• _INPUT MATERIAL_:
======

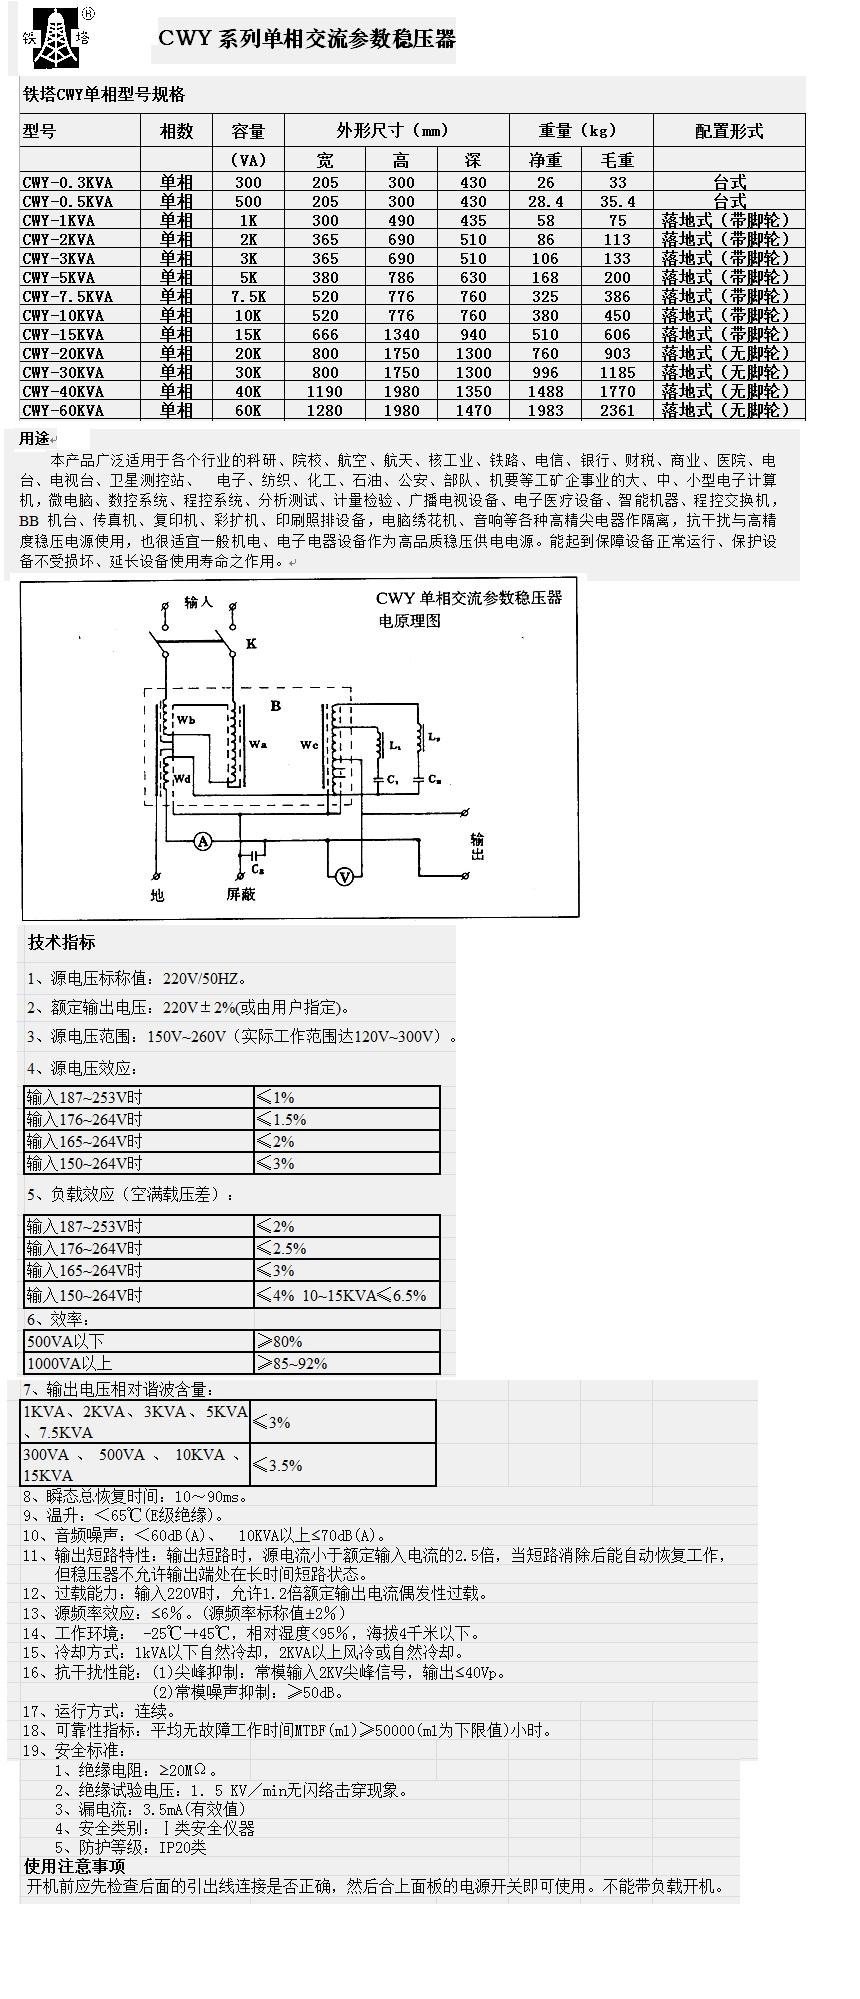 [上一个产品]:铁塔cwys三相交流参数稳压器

======

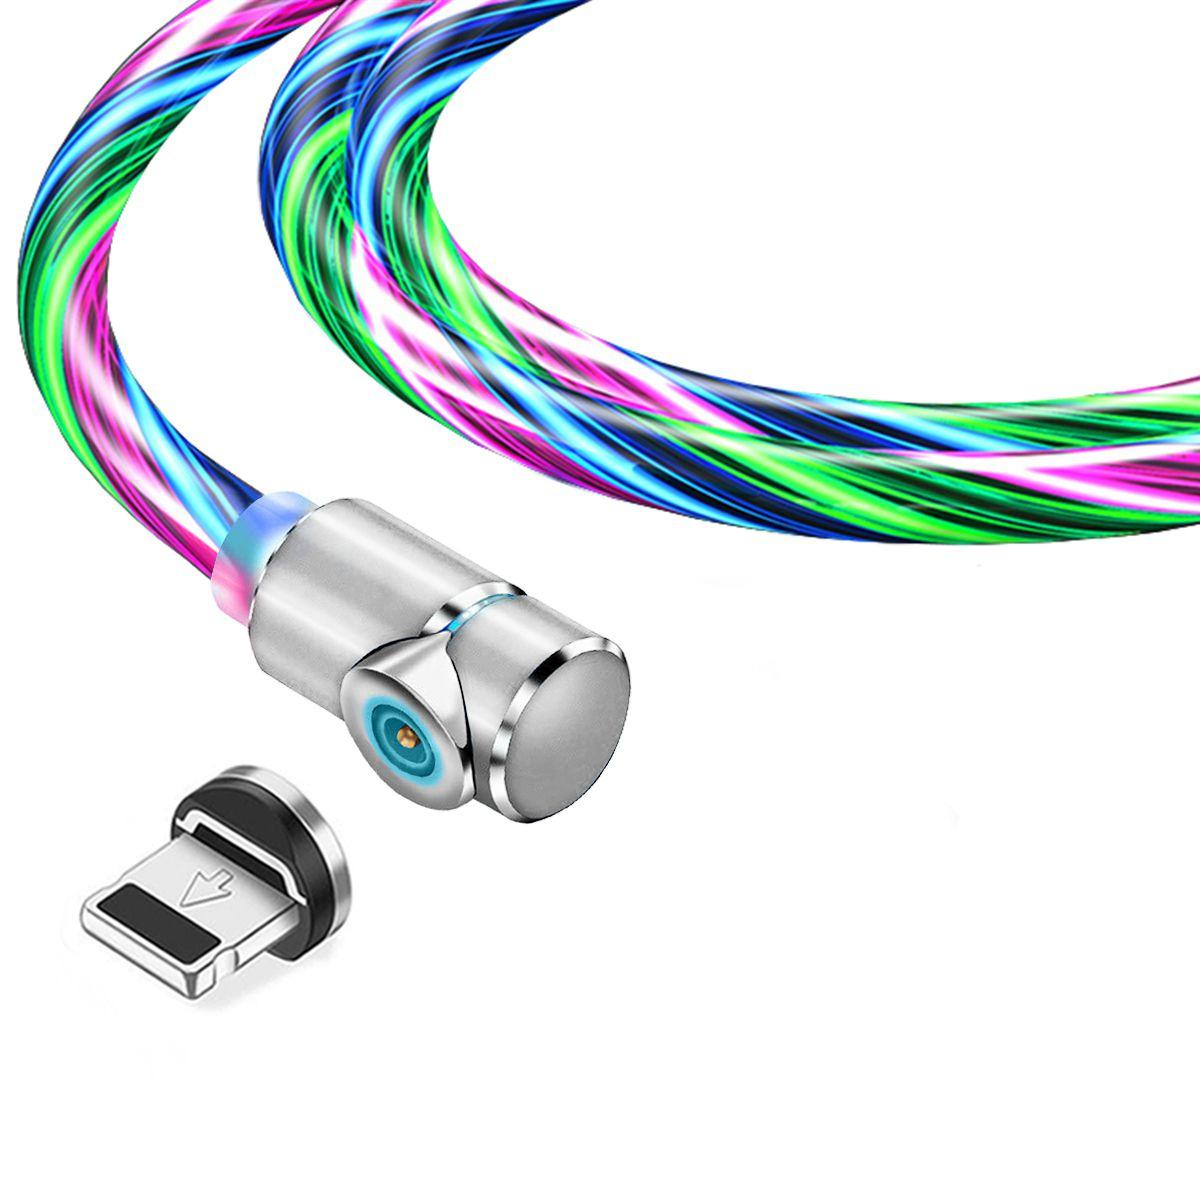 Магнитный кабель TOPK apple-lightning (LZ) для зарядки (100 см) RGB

======

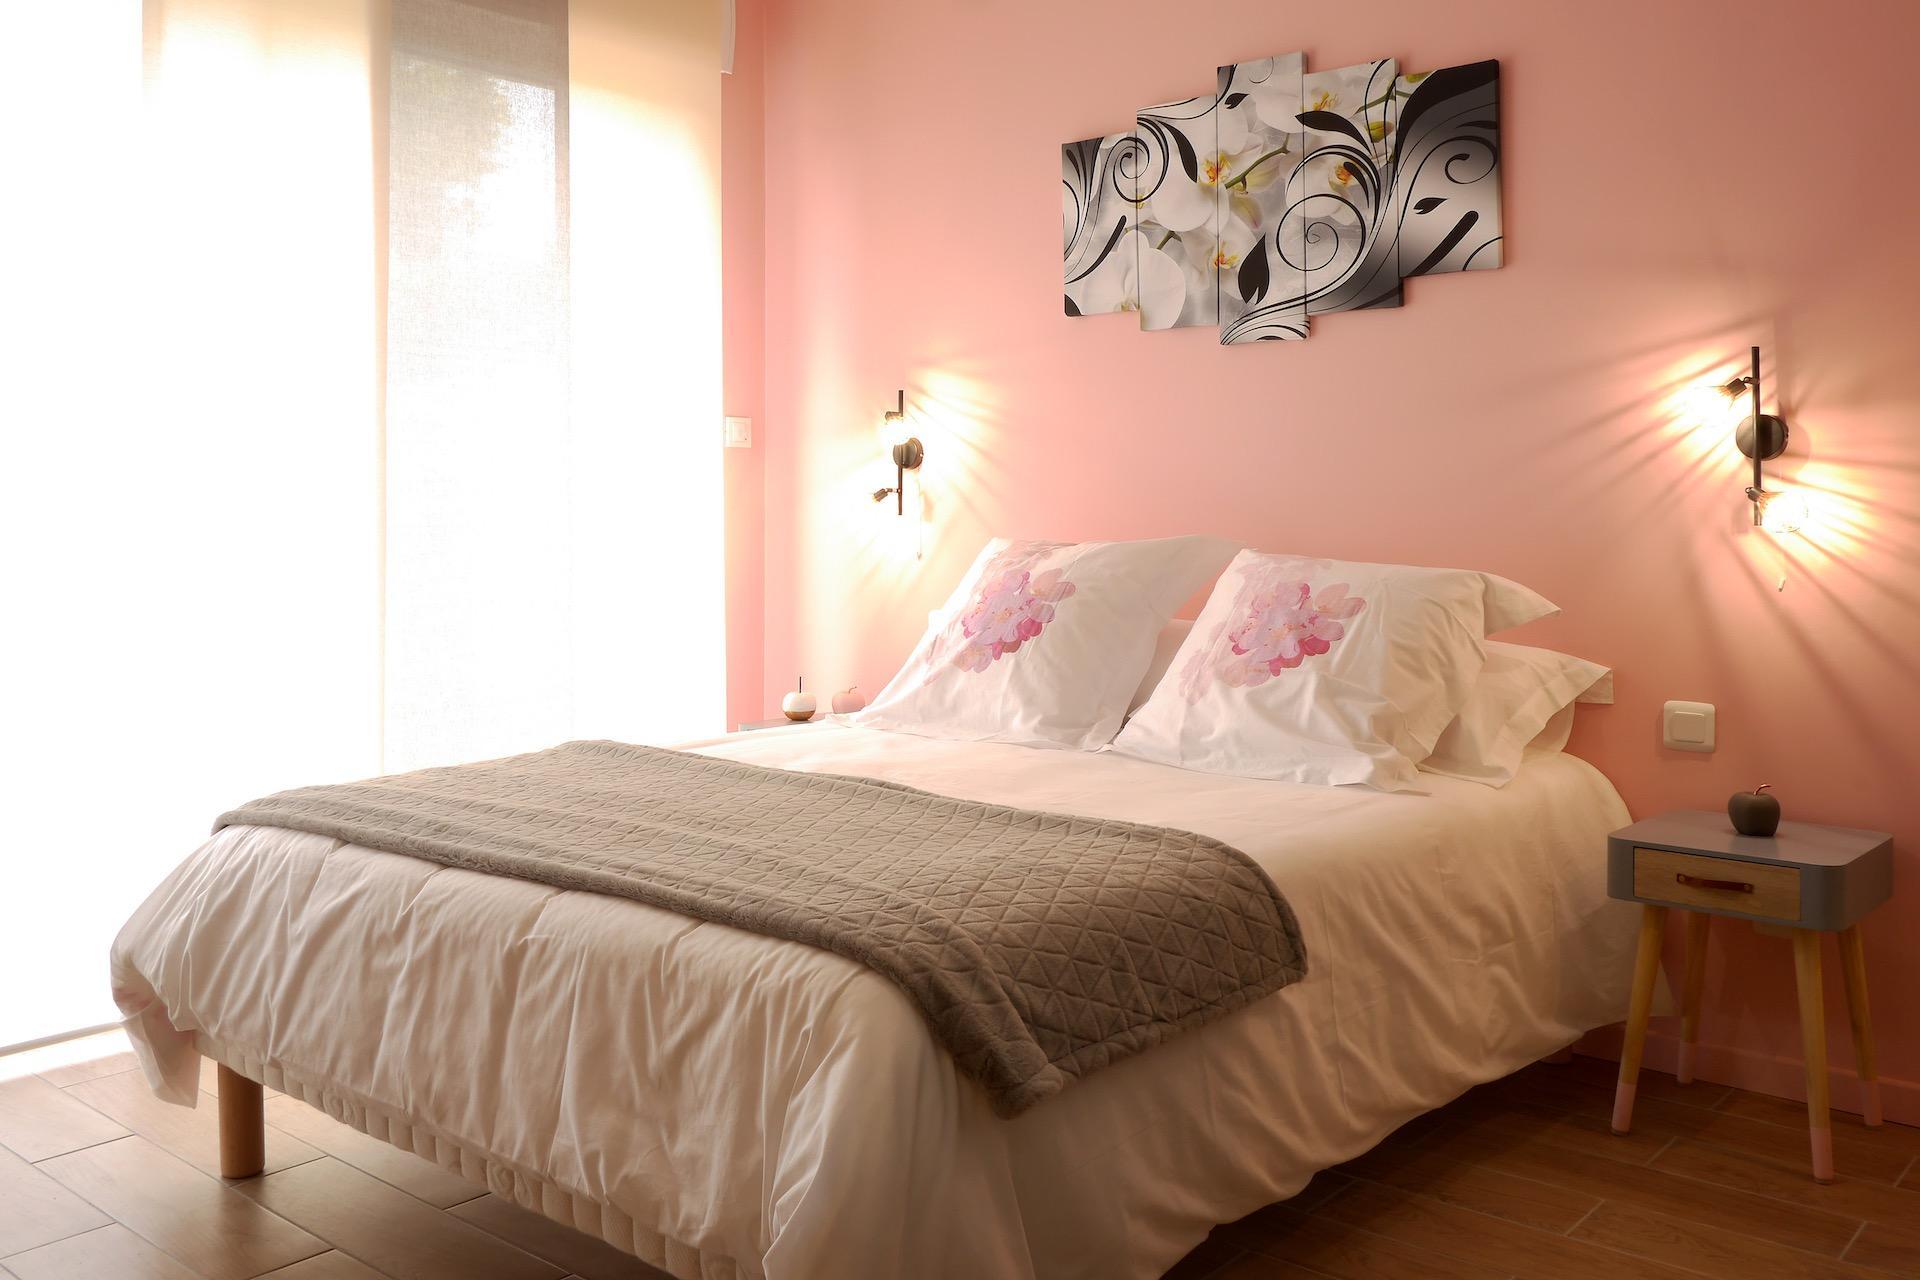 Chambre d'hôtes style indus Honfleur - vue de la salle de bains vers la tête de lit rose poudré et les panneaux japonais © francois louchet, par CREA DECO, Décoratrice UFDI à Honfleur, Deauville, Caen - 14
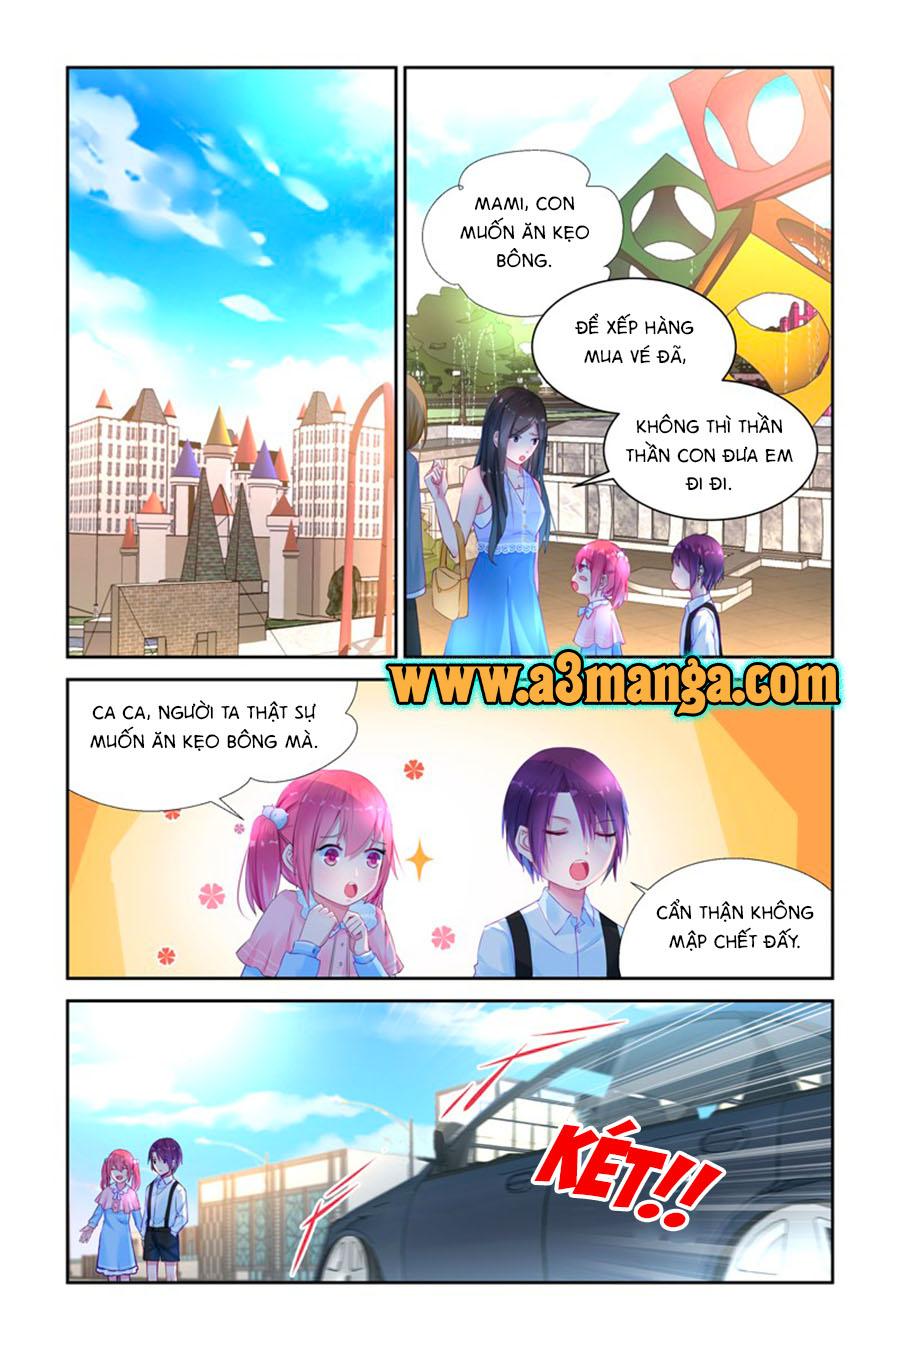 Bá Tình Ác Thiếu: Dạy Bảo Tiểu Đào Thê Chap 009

======

• _ASSIGNED TASK_: Pictures excluded, transcribe the listing above exactly from the line with "Chambre d'hôtes style" through the line with "Bá Tình Ác Thiếu: Dạy", and no further.

• _RESPONSE BOX_:
 Chambre d'hôtes style indus Honfleur - vue de la salle de bains vers la tête de lit rose poudré et les panneaux japonais © francois louchet, par CREA DECO, Décoratrice UFDI à Honfleur, Deauville, Caen - 14
 Bá Tình Ác Thiếu: Dạy Bảo Tiểu Đào Thê Chap 009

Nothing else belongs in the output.